**WORK ORDER**
Find the line that contains "St anniversary paper". Then set down that line and all the lines after it, to the end of the records, exactly and with nothing added.

● ● ● ● ●

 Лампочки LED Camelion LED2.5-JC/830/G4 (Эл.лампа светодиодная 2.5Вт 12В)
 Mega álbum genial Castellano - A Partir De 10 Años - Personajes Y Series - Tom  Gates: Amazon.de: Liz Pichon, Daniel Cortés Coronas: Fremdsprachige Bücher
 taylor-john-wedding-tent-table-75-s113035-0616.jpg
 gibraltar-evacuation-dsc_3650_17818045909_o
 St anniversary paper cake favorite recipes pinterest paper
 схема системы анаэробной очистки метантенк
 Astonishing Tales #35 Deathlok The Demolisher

● ● ● ● ●

**REPLY TO THE EXERCISE**
 St anniversary paper cake favorite recipes pinterest paper
 схема системы анаэробной очистки метантенк
 Astonishing Tales #35 Deathlok The Demolisher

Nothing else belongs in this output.